*What you have to do*
Transcribe the listing precisely, entry by entry.

Extracted information: Begin

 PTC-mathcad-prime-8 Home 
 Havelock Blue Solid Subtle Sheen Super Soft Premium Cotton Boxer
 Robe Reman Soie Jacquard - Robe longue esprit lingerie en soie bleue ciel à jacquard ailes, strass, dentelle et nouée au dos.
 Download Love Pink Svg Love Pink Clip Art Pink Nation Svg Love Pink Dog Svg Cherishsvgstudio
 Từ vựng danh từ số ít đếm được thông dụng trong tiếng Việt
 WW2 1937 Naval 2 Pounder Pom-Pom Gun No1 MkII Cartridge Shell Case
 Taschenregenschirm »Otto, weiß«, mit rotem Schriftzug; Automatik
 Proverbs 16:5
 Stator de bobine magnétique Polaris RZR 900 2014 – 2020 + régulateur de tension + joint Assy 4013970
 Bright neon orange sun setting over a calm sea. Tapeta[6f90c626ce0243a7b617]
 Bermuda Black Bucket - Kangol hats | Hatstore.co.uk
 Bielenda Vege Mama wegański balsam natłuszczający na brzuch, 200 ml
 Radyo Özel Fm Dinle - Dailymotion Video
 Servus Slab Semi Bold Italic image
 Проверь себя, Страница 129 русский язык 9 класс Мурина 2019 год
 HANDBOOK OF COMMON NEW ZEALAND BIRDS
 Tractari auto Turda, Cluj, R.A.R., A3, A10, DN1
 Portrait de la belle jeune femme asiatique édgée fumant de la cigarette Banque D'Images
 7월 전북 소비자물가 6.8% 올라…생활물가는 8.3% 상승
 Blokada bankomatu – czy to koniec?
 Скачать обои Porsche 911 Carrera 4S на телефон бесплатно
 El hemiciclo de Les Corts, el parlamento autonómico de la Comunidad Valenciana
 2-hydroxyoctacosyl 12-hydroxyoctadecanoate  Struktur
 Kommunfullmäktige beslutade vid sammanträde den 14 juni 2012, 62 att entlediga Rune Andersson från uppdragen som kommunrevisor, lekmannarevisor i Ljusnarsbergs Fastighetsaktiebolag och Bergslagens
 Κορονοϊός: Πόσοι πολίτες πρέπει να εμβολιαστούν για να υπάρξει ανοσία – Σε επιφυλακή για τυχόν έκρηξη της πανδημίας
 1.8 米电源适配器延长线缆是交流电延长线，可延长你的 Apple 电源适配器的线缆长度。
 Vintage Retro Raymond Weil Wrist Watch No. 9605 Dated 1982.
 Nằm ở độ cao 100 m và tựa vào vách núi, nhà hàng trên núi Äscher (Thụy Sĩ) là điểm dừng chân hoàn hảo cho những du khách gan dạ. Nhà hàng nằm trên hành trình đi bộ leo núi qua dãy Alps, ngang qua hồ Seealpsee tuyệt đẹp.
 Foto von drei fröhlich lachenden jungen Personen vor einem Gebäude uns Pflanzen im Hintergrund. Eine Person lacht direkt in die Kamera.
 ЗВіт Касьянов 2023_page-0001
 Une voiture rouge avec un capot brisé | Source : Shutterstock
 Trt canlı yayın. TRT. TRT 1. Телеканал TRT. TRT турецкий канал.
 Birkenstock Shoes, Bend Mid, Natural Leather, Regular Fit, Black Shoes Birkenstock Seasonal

Extracted information: End

*Response area*
 PTC-mathcad-prime-8 Home 
 Havelock Blue Solid Subtle Sheen Super Soft Premium Cotton Boxer
 Robe Reman Soie Jacquard - Robe longue esprit lingerie en soie bleue ciel à jacquard ailes, strass, dentelle et nouée au dos.
 Download Love Pink Svg Love Pink Clip Art Pink Nation Svg Love Pink Dog Svg Cherishsvgstudio
 Từ vựng danh từ số ít đếm được thông dụng trong tiếng Việt
 WW2 1937 Naval 2 Pounder Pom-Pom Gun No1 MkII Cartridge Shell Case
 Taschenregenschirm »Otto, weiß«, mit rotem Schriftzug; Automatik
 Proverbs 16:5
 Stator de bobine magnétique Polaris RZR 900 2014 – 2020 + régulateur de tension + joint Assy 4013970
 Bright neon orange sun setting over a calm sea. Tapeta[6f90c626ce0243a7b617]
 Bermuda Black Bucket - Kangol hats | Hatstore.co.uk
 Bielenda Vege Mama wegański balsam natłuszczający na brzuch, 200 ml
 Radyo Özel Fm Dinle - Dailymotion Video
 Servus Slab Semi Bold Italic image
 Проверь себя, Страница 129 русский язык 9 класс Мурина 2019 год
 HANDBOOK OF COMMON NEW ZEALAND BIRDS
 Tractari auto Turda, Cluj, R.A.R., A3, A10, DN1
 Portrait de la belle jeune femme asiatique édgée fumant de la cigarette Banque D'Images
 7월 전북 소비자물가 6.8% 올라…생활물가는 8.3% 상승
 Blokada bankomatu – czy to koniec?
 Скачать обои Porsche 911 Carrera 4S на телефон бесплатно
 El hemiciclo de Les Corts, el parlamento autonómico de la Comunidad Valenciana
 2-hydroxyoctacosyl 12-hydroxyoctadecanoate  Struktur
 Kommunfullmäktige beslutade vid sammanträde den 14 juni 2012, 62 att entlediga Rune Andersson från uppdragen som kommunrevisor, lekmannarevisor i Ljusnarsbergs Fastighetsaktiebolag och Bergslagens
 Κορονοϊός: Πόσοι πολίτες πρέπει να εμβολιαστούν για να υπάρξει ανοσία – Σε επιφυλακή για τυχόν έκρηξη της πανδημίας
 1.8 米电源适配器延长线缆是交流电延长线，可延长你的 Apple 电源适配器的线缆长度。
 Vintage Retro Raymond Weil Wrist Watch No. 9605 Dated 1982.
 Nằm ở độ cao 100 m và tựa vào vách núi, nhà hàng trên núi Äscher (Thụy Sĩ) là điểm dừng chân hoàn hảo cho những du khách gan dạ. Nhà hàng nằm trên hành trình đi bộ leo núi qua dãy Alps, ngang qua hồ Seealpsee tuyệt đẹp.
 Foto von drei fröhlich lachenden jungen Personen vor einem Gebäude uns Pflanzen im Hintergrund. Eine Person lacht direkt in die Kamera.
 ЗВіт Касьянов 2023_page-0001
 Une voiture rouge avec un capot brisé | Source : Shutterstock
 Trt canlı yayın. TRT. TRT 1. Телеканал TRT. TRT турецкий канал.
 Birkenstock Shoes, Bend Mid, Natural Leather, Regular Fit, Black Shoes Birkenstock Seasonal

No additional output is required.